### THE TASK
Copy the lines below as they are; omit the images they contain.

### PROVIDED MATERIAL

**********

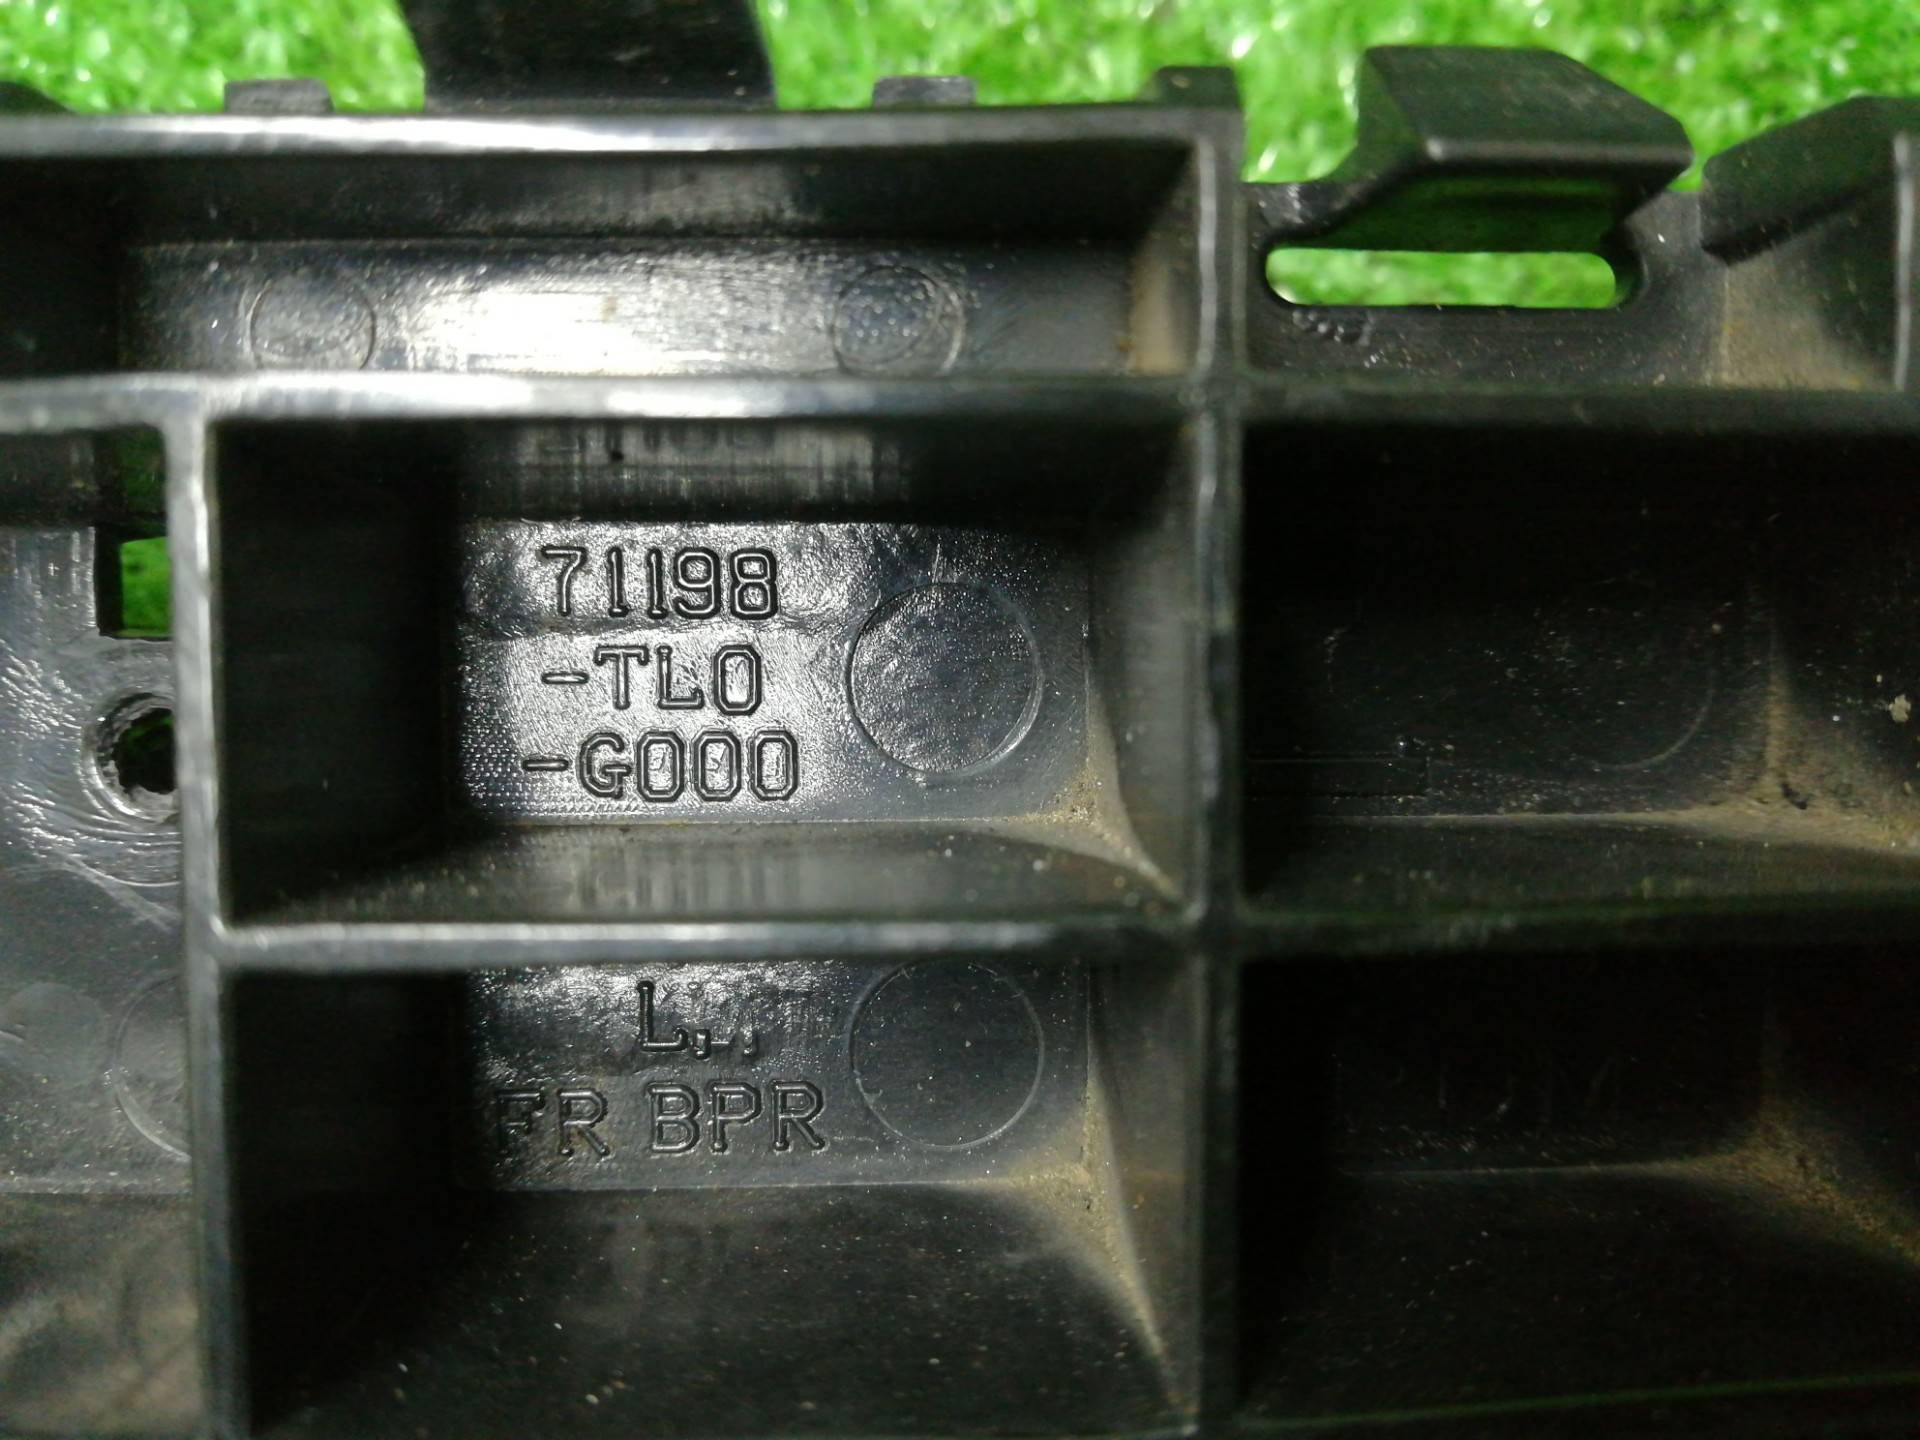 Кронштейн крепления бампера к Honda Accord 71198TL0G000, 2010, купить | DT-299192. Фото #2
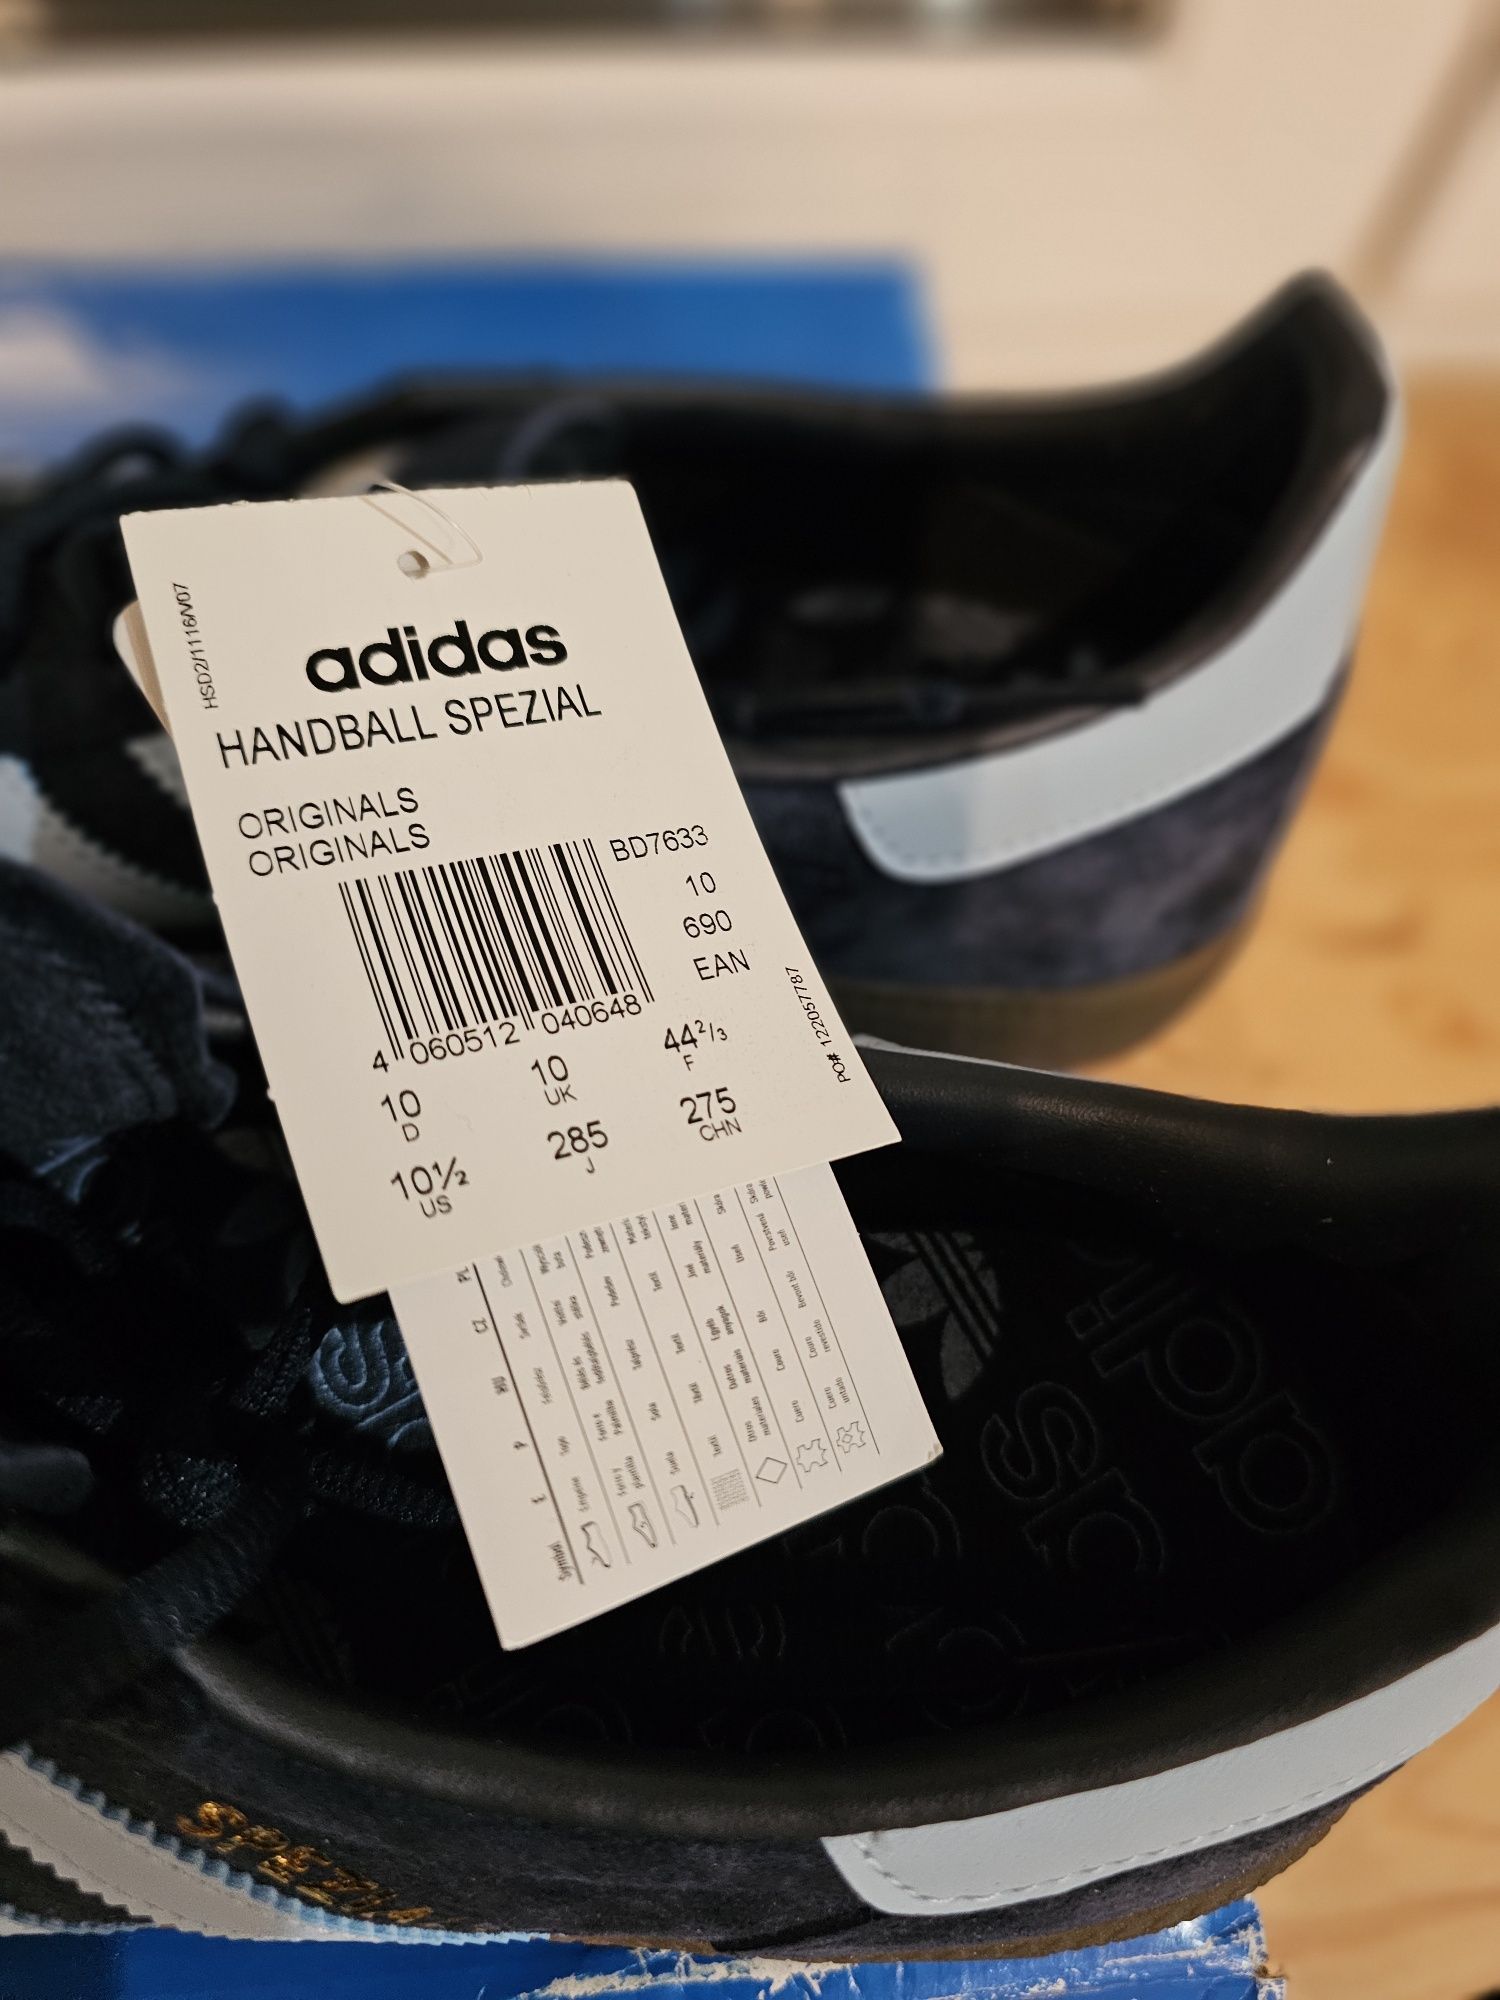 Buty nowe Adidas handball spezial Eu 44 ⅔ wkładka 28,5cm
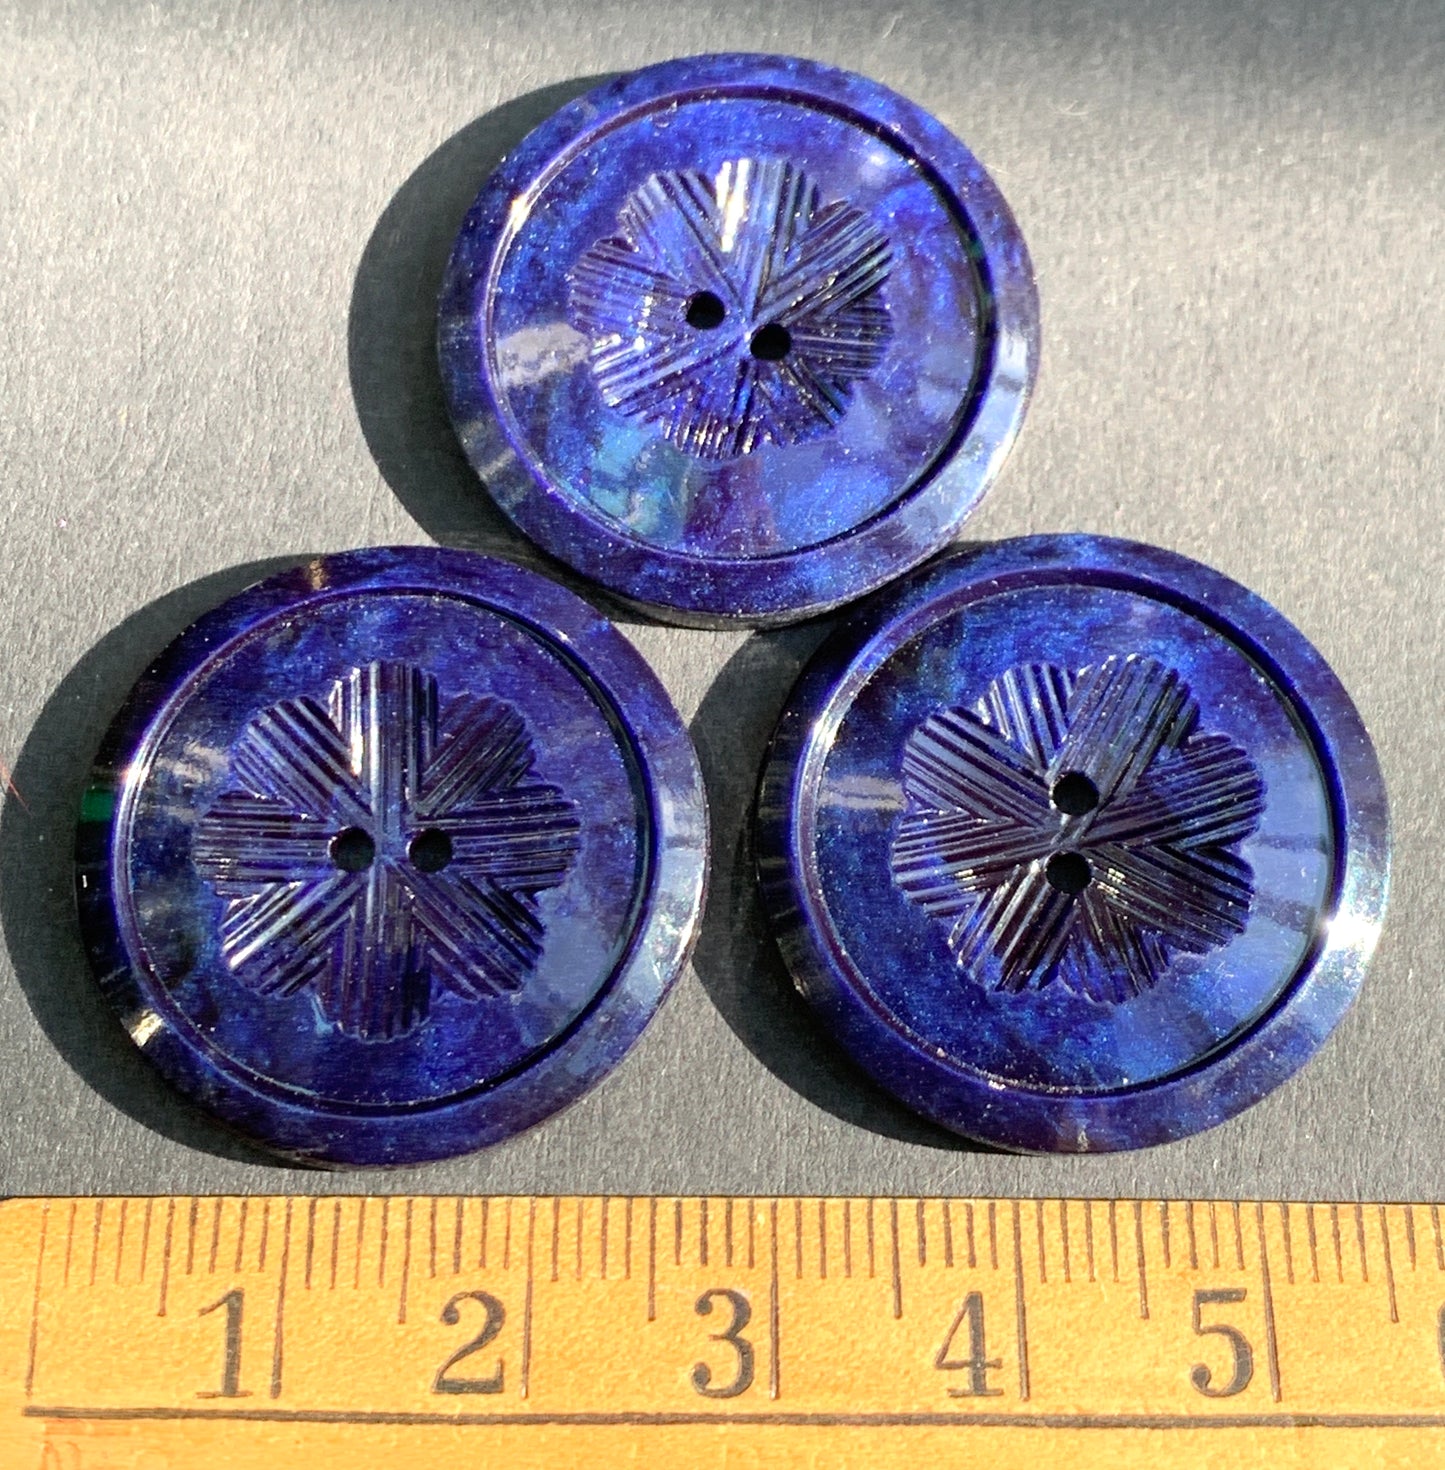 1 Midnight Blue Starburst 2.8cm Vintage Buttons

**********

### YOUR RESPONSE
 Кронштейн крепления бампера к Honda Accord 71198TL0G000, 2010, купить | DT-299192. Фото #2
 Buty nowe Adidas handball spezial Eu 44 ⅔ wkładka 28,5cm
 1 Midnight Blue Starburst 2.8cm Vintage Buttons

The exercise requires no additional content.